For the Columbian World Exposition in Chicago in 1893, Swan collected an exceptional interior central pole about 5 m (16 feet) high, which stood in Easy to Enter House. The crests on it belong to the chief's wife, who claimed rights to the crests of the chief of Skedans village. After the fair, the pole was deposited in the Field Museum, which sold the pole but kept a unique talking stick (shaped like a narwhal tusk inlaid with abalone shell) that was attached to it. The pole went through several private owners before it was purchased by the Canadian Museum of Civilization. The Field Museum kindly restored the talking stick to the pole, where it now protrudes prominently from the forehead of the lowest of two Wasgo (or Sea Wolf) figures. The myth associated with this pole is that of the Wasgo, who lived in the lake behind Skidegate village and had the ability to transform between the form of a Wolf and a Killer Whale. The pole shows the Wasgo in two states, with and without his Whale attributes. According to Bill Holm, the pole was carved by the unnamed artist whom he has dubbed "the Master of the Chicago Settee." Several of the house frontal poles collected by Swan for the passed through various owners until they were eventually acquired by the Canadian Museum of Civilization.

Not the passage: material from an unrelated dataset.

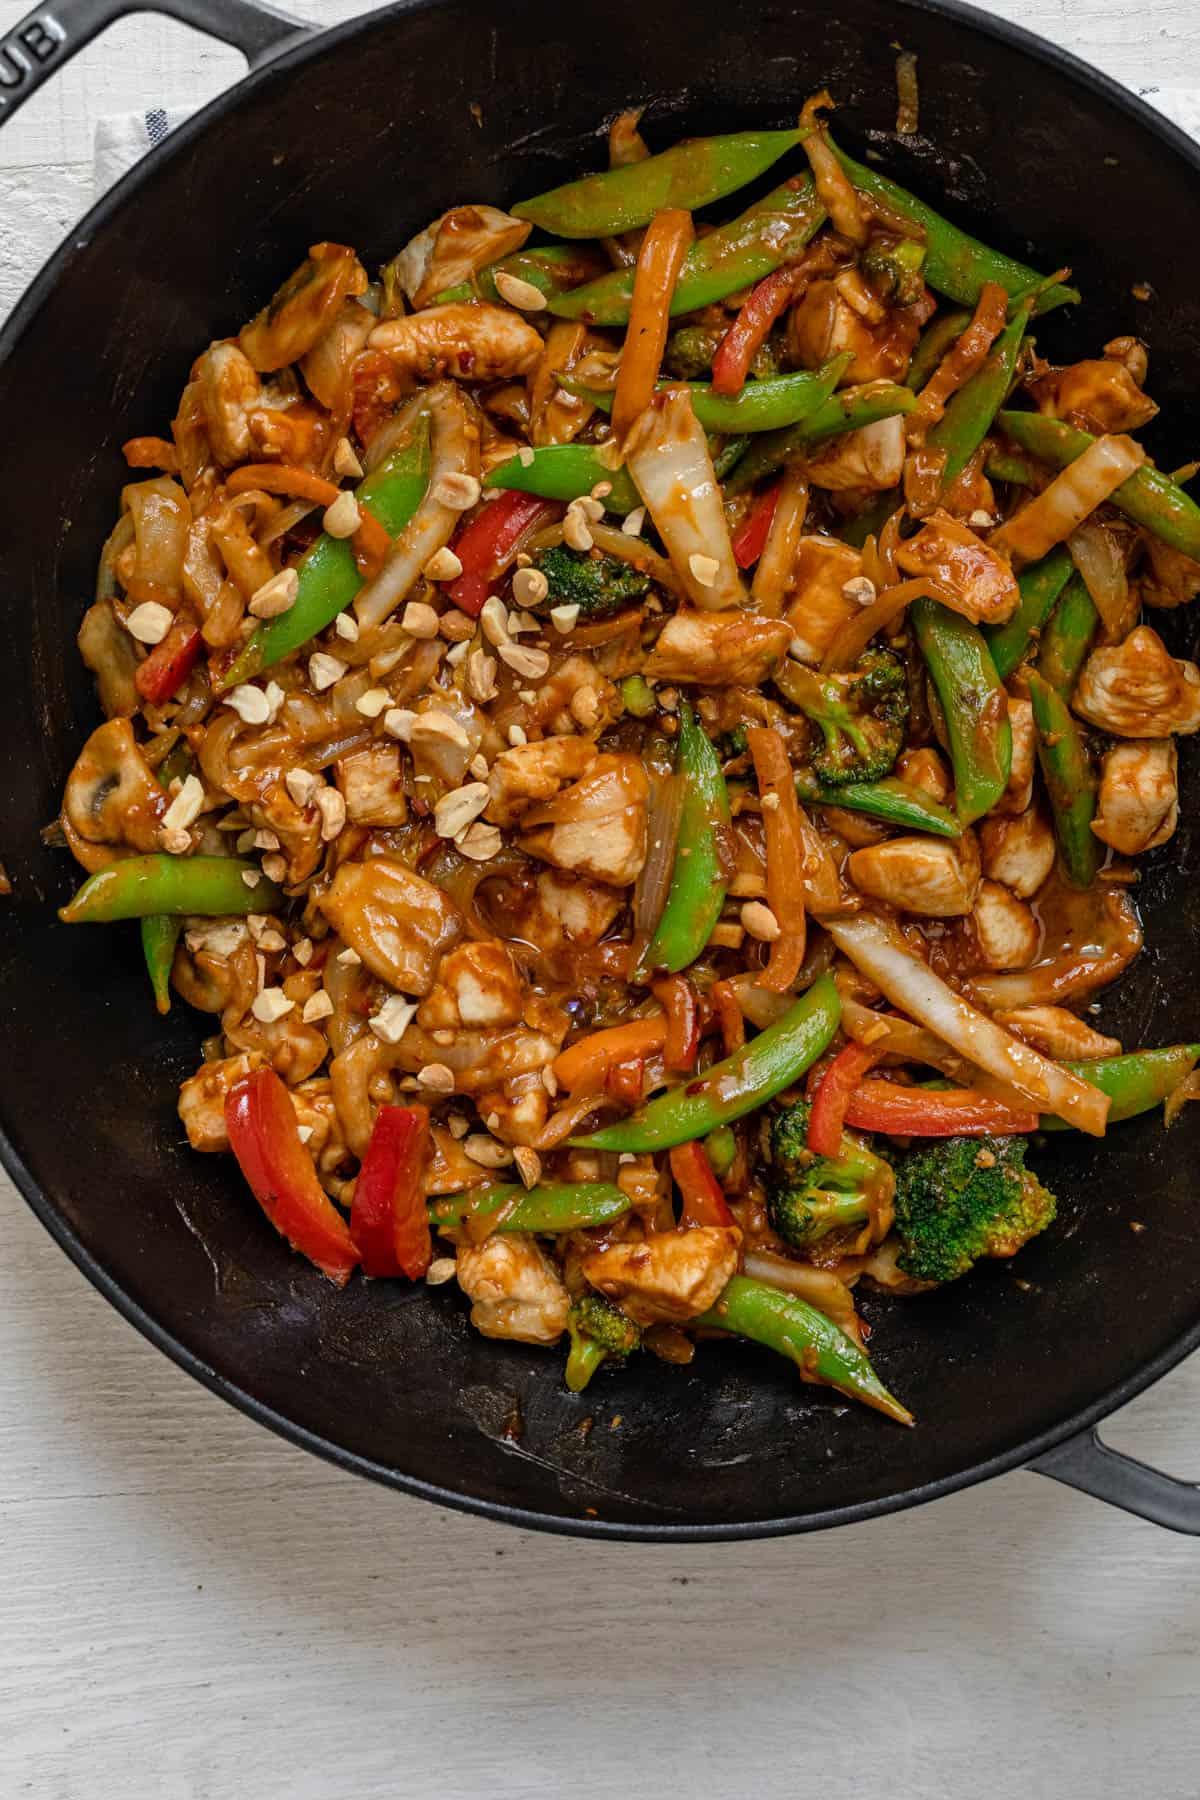 Large wok of thai peanut chicken stir fry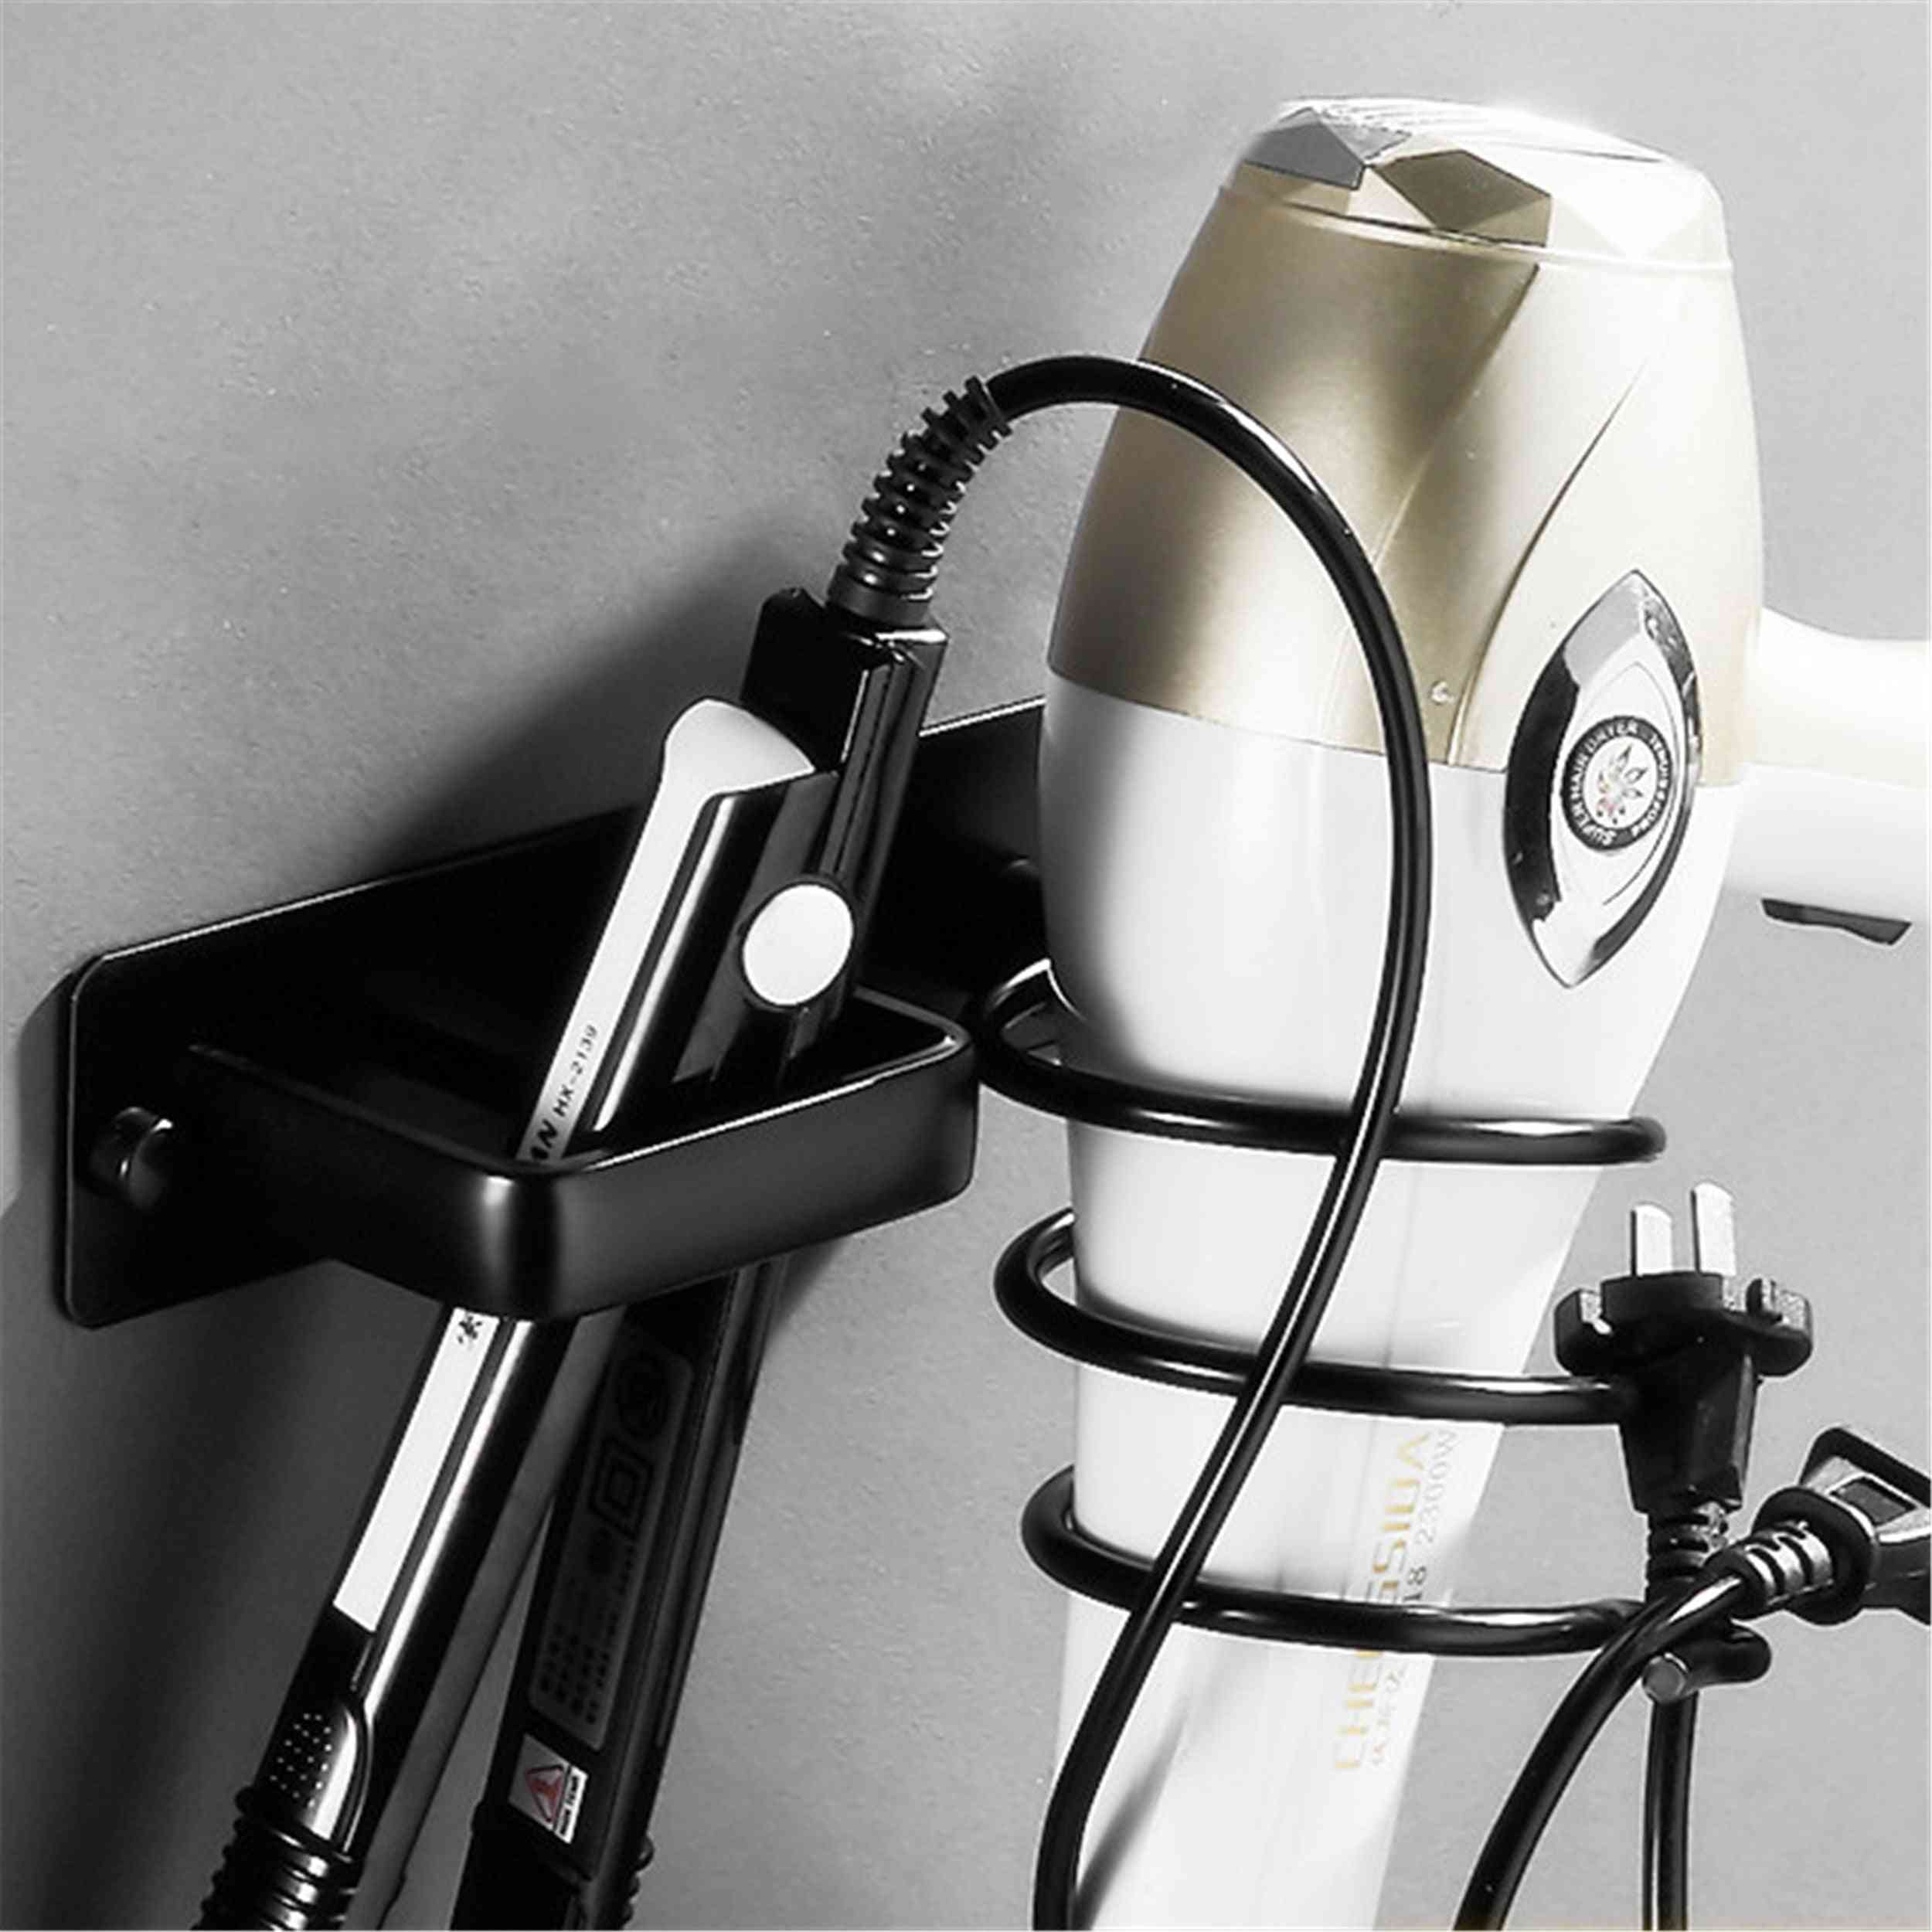 Wall Mounted Bathroom Hair Dryer Holder

At the time of Swan's visit, only fifteen people were living at Tanu. The mortuary columns outnumbered the totem poles and houses of the inhabitants.




The same interior house pole from Easy to Enter House in Tanu as shown above, restored and on display in the Grand Hall of the Canadian Museum of Civilization. The narwhal tusk talking stick, which was separated from the pole for a number of years, has been replaced in its original position.